● PROBLEM STATEMENT
Reproduce the opening lines of the records exactly, please, stopping after the line that contains "Smooth non-woven fabric".

--- MATERIAL SUPPLIED ---

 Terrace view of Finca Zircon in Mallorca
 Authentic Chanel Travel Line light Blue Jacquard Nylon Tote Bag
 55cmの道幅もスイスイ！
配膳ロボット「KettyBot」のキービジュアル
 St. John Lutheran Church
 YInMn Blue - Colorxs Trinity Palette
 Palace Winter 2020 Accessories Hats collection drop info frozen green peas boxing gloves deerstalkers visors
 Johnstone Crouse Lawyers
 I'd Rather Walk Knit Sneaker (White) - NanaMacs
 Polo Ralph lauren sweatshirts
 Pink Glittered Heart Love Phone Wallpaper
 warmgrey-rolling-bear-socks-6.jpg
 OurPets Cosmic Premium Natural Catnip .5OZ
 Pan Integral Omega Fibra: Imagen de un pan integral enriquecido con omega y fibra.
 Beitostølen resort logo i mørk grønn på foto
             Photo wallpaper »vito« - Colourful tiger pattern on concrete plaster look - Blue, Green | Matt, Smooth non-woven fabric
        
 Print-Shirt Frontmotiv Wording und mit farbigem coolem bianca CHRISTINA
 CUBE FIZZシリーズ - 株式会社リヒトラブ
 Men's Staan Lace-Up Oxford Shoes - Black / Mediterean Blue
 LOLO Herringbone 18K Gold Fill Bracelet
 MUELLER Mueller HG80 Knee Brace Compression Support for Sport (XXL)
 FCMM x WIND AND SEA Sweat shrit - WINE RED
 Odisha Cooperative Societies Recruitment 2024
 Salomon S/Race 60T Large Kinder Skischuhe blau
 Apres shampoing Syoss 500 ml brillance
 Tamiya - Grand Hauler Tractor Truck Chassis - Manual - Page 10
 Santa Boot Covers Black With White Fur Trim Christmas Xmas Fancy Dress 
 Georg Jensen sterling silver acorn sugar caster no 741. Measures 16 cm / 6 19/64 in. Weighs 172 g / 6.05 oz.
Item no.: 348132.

---

● ANSWER TO THIS PROBLEM
 Terrace view of Finca Zircon in Mallorca
 Authentic Chanel Travel Line light Blue Jacquard Nylon Tote Bag
 55cmの道幅もスイスイ！
配膳ロボット「KettyBot」のキービジュアル
 St. John Lutheran Church
 YInMn Blue - Colorxs Trinity Palette
 Palace Winter 2020 Accessories Hats collection drop info frozen green peas boxing gloves deerstalkers visors
 Johnstone Crouse Lawyers
 I'd Rather Walk Knit Sneaker (White) - NanaMacs
 Polo Ralph lauren sweatshirts
 Pink Glittered Heart Love Phone Wallpaper
 warmgrey-rolling-bear-socks-6.jpg
 OurPets Cosmic Premium Natural Catnip .5OZ
 Pan Integral Omega Fibra: Imagen de un pan integral enriquecido con omega y fibra.
 Beitostølen resort logo i mørk grønn på foto
             Photo wallpaper »vito« - Colourful tiger pattern on concrete plaster look - Blue, Green | Matt, Smooth non-woven fabric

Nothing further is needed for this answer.